→ To do: Set down the full listing below word for word; pictures stay out of the copy.

→ Recorded data:
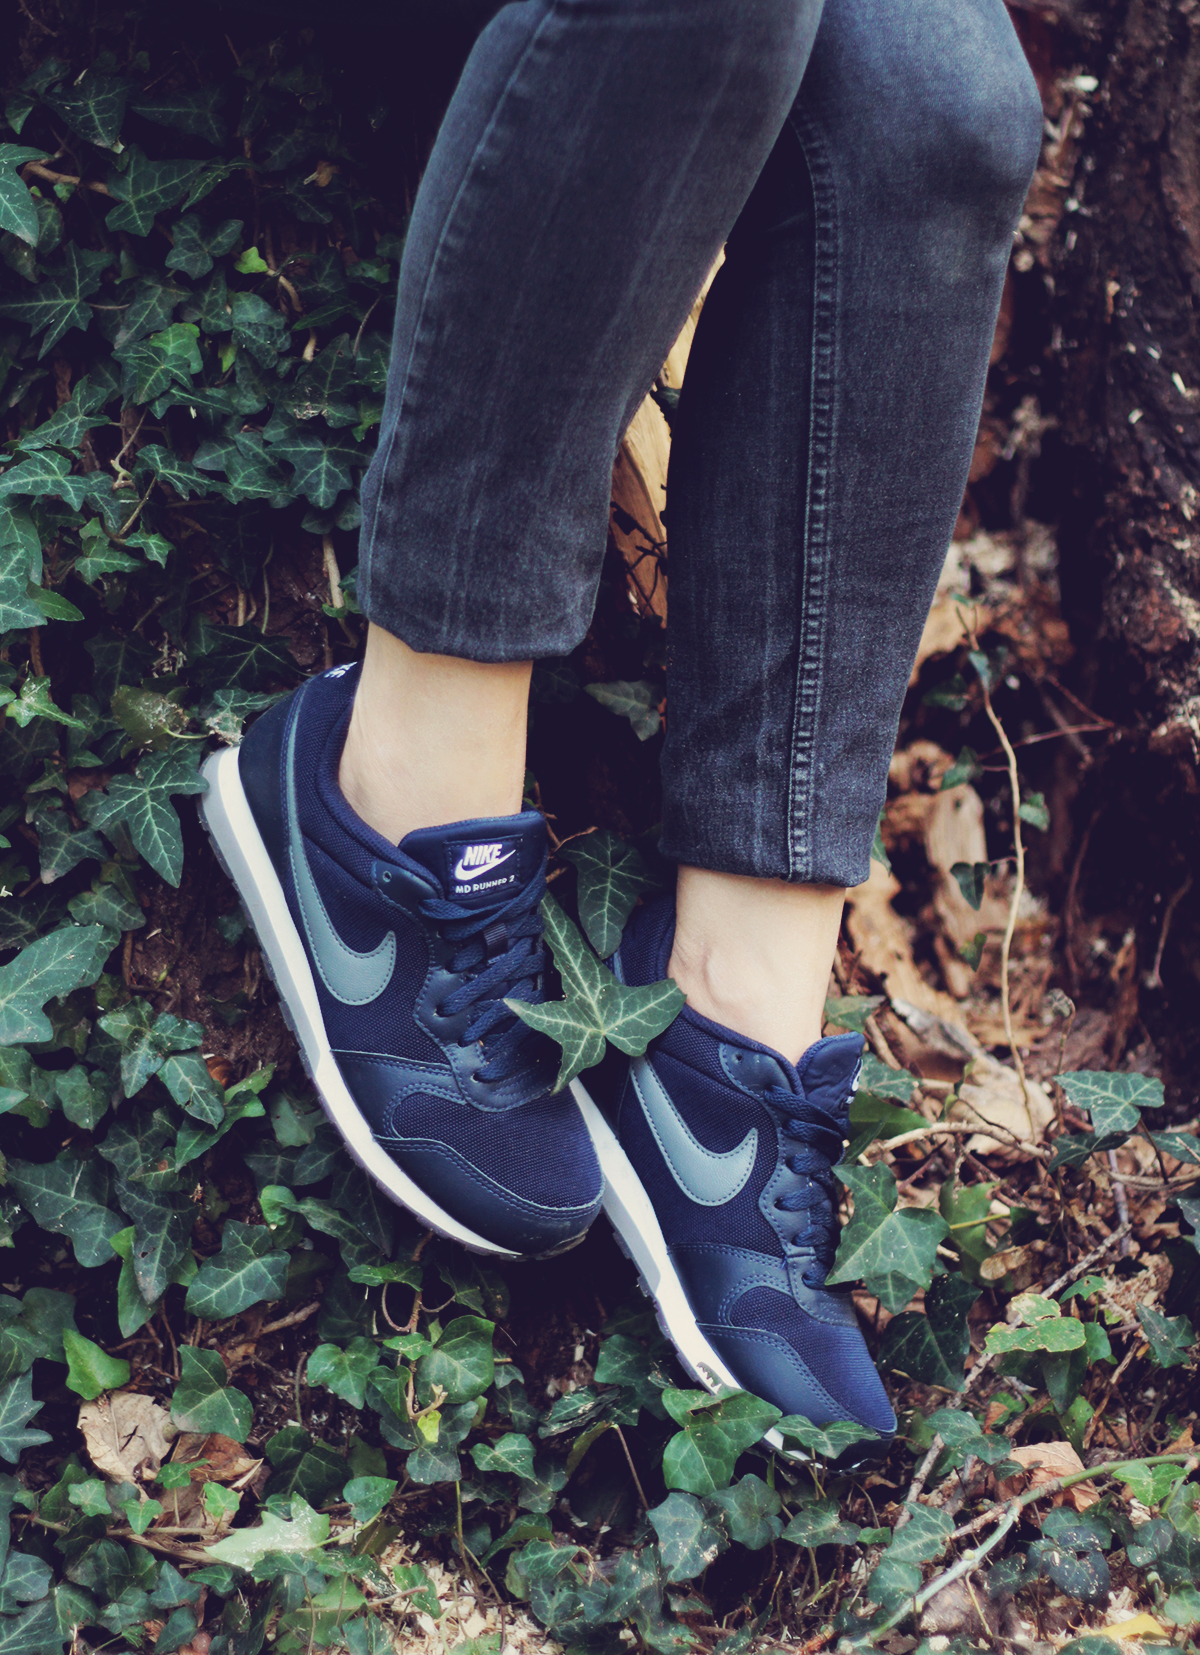 nike runners, jeans
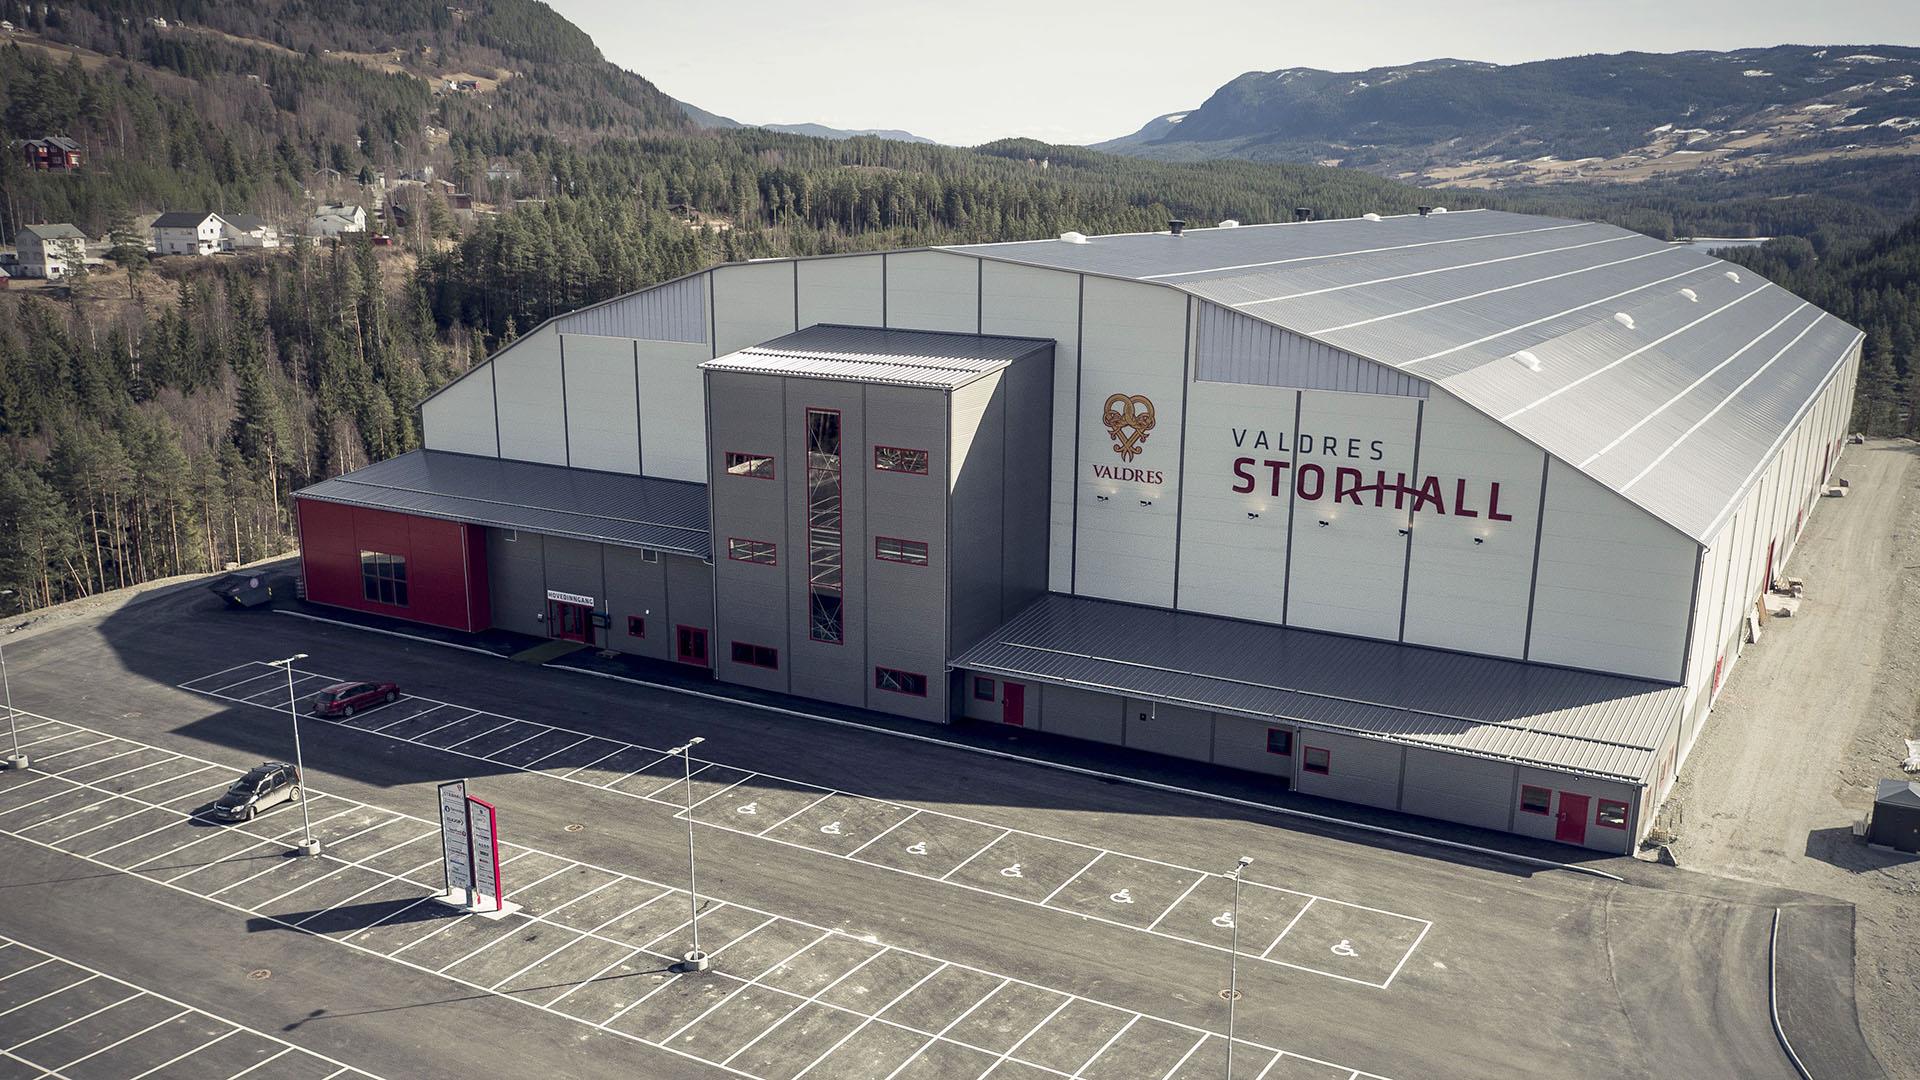 A multi-use hall for indoor activities with tha parking lot, seen from outside. The image is taken from low hight with a drone.
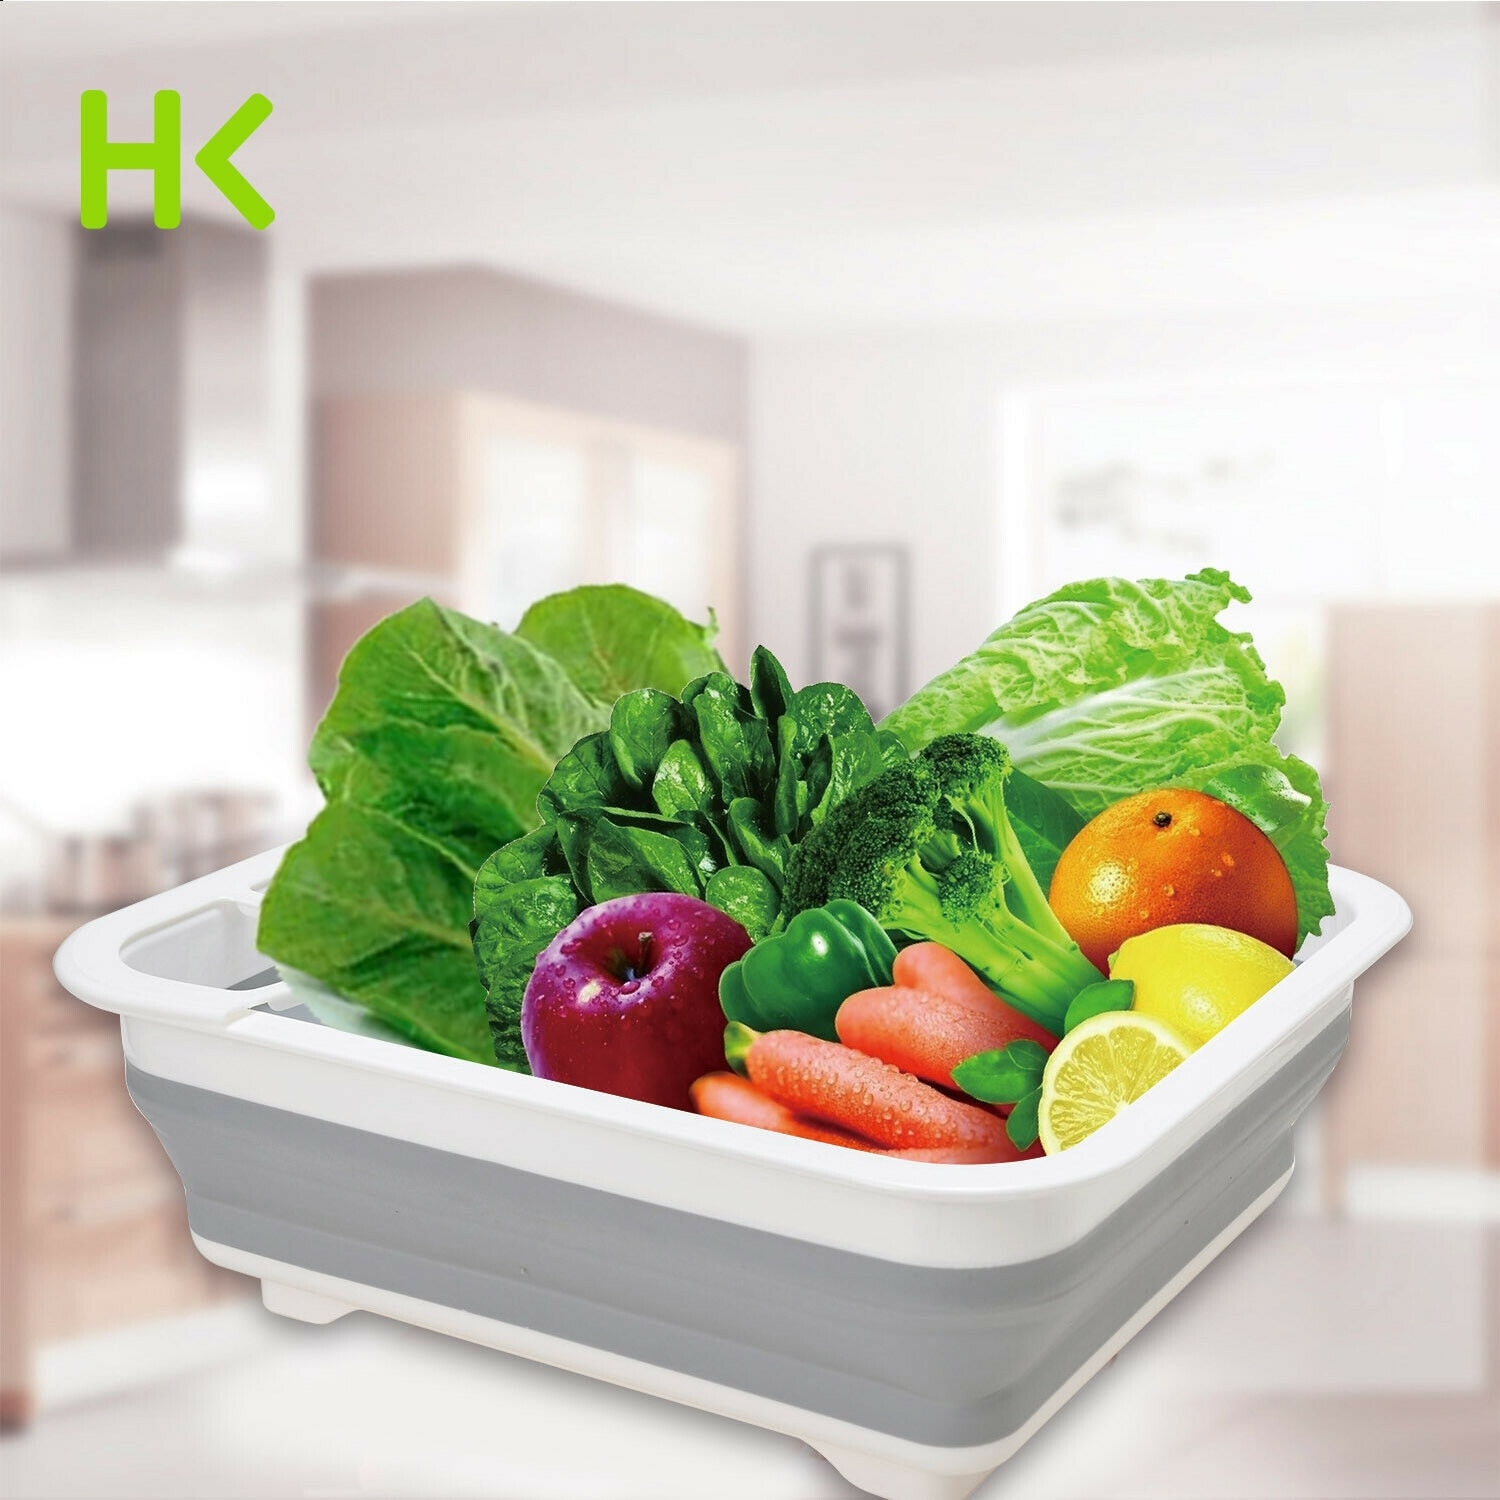 https://ak1.ostkcdn.com/images/products/is/images/direct/01fdbc2e0a01d5747aee00e175ca69157721d209/Foldable-Dish-Drying-Rack-Dish-Drainer-w-Utensil-Holder---L.jpg

→ Response area:
 nike runners, jeans
 A multi-use hall for indoor activities with tha parking lot, seen from outside. The image is taken from low hight with a drone.
 https://ak1.ostkcdn.com/images/products/is/images/direct/01fdbc2e0a01d5747aee00e175ca69157721d209/Foldable-Dish-Drying-Rack-Dish-Drainer-w-Utensil-Holder---L.jpg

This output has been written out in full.